The {1,k} Density Hierarchy

The Finding

For each $k = 2, 3, \ldots, 10$, we computed the Zaremba density of the pair $A = \{1, k\}$ at $N = 10^{10}$ and $10^{11}$. The density drops exponentially with $k$:

$k$	Density at $10^{10}$	Density at $10^{11}$	$\dim_H(E_{\{1,k\}})$	Above $1/2$?
2	76.5487%	80.7543%	0.531	Yes
3	11.0568%	9.1109%	0.454	No
4	1.6096%	1.0735%	0.397	No
5	0.4398%	0.2564%	0.349	No
6	0.1721%	0.0912%	0.309	No
7	0.0840%	0.0414%	0.275	No
8	0.0475%	0.0221%	0.246	No
9	0.0297%	0.0132%	0.221	No
10	0.0201%	0.0085%	0.199	No

Why This Matters

{1,2} is the only pair whose density grows

The 10^11 data reveals something you cannot see at a single scale: $\{1,2\}$ density increases from 76.5% to 80.8% as $N$ grows from $10^{10}$ to $10^{11}$, while every other pair’s density decreases.
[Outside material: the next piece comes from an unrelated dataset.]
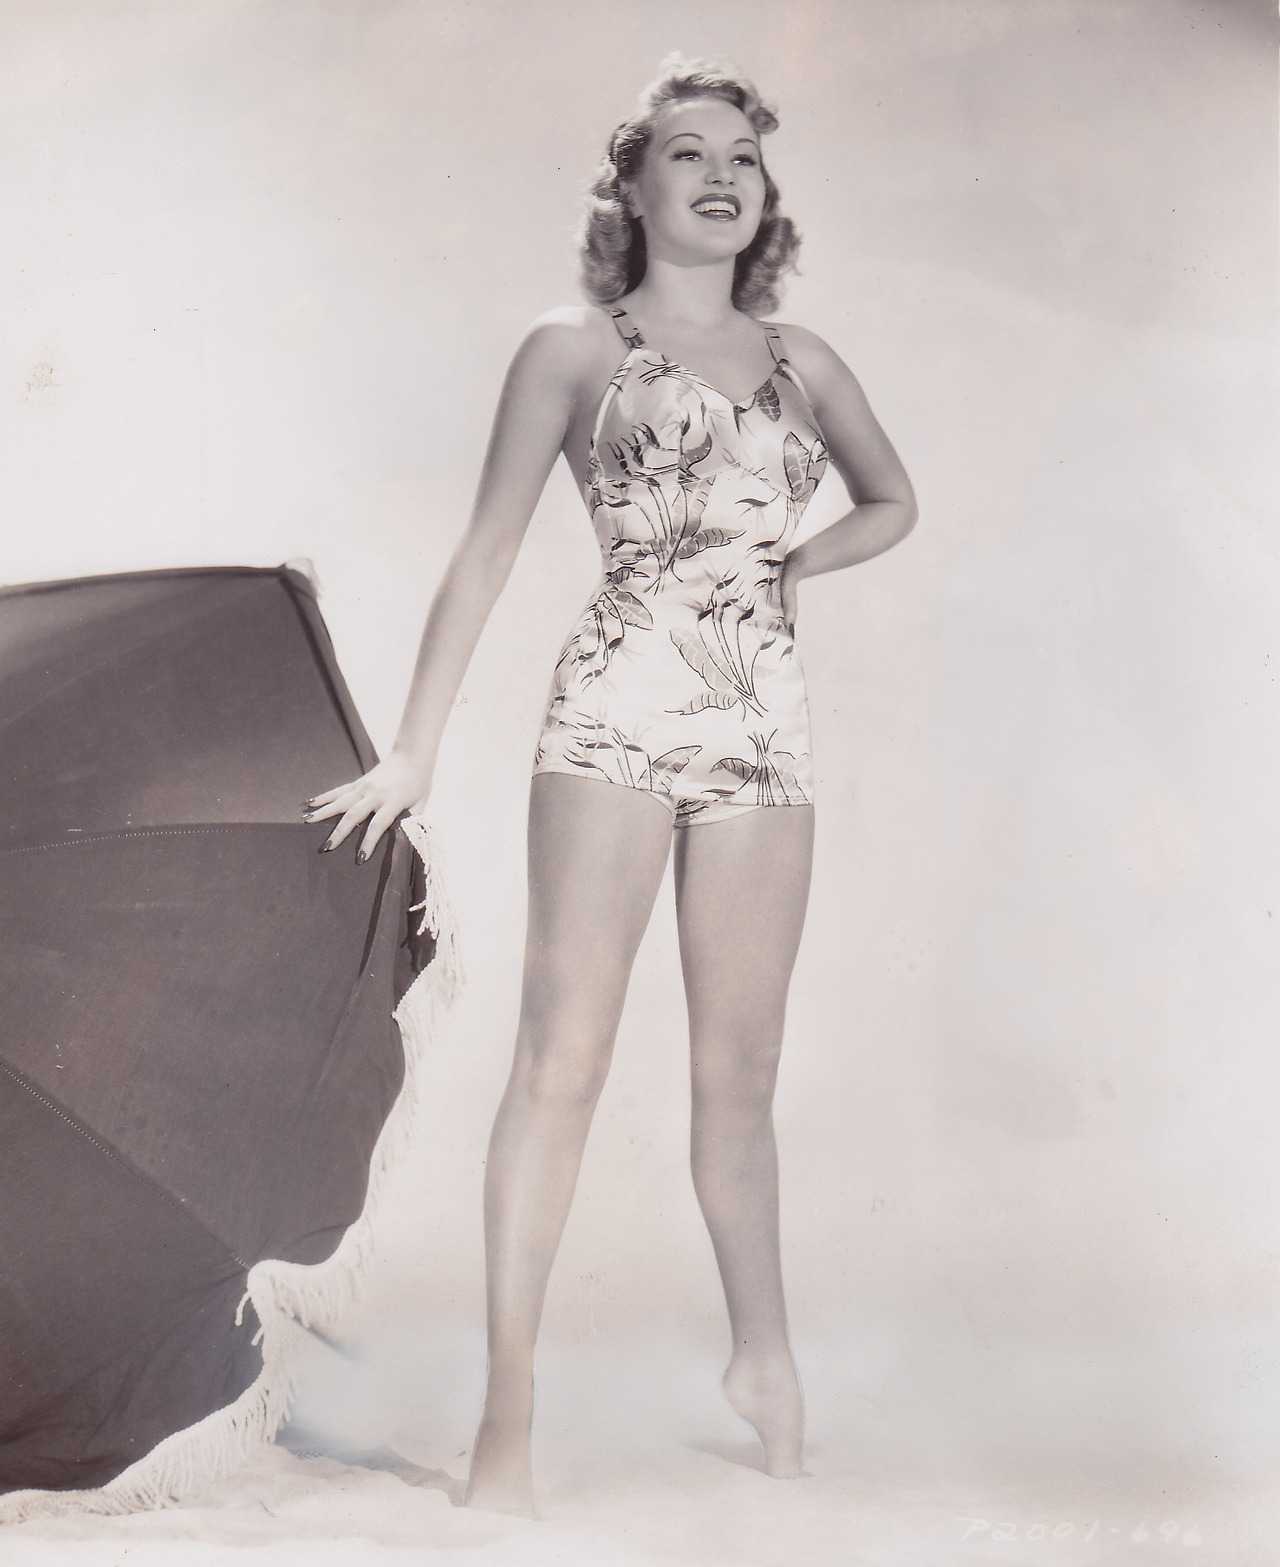 51 Hottest Betty Grable Bikini pictures Are An Embodiment Of Greatness 41

The set $\{1,3\}$ drops from 11.1% to 9.1%. The set $\{1,10\}$ drops from 0.020% to 0.0085%.

This is the Hausdorff dimension threshold at work. The dimension $\delta$ of the underlying Cantor set controls the long-term behavior: when $2\delta > 1$ (equivalently $\delta > 1/2$), the set of representable denominators is theoretically predicted to be dense enough that its density converges toward 100%. When $2\delta < 1$, the set is too thin and density is predicted to converge to 0%.

Only $\{1,2\}$ has $\delta = 0.531 > 1/2$. Every other pair has $\delta < 1/2$. So the 10^11 data is the first scale where we see the density trajectories clearly diverging — one pair headed toward full coverage, the rest headed toward nothing.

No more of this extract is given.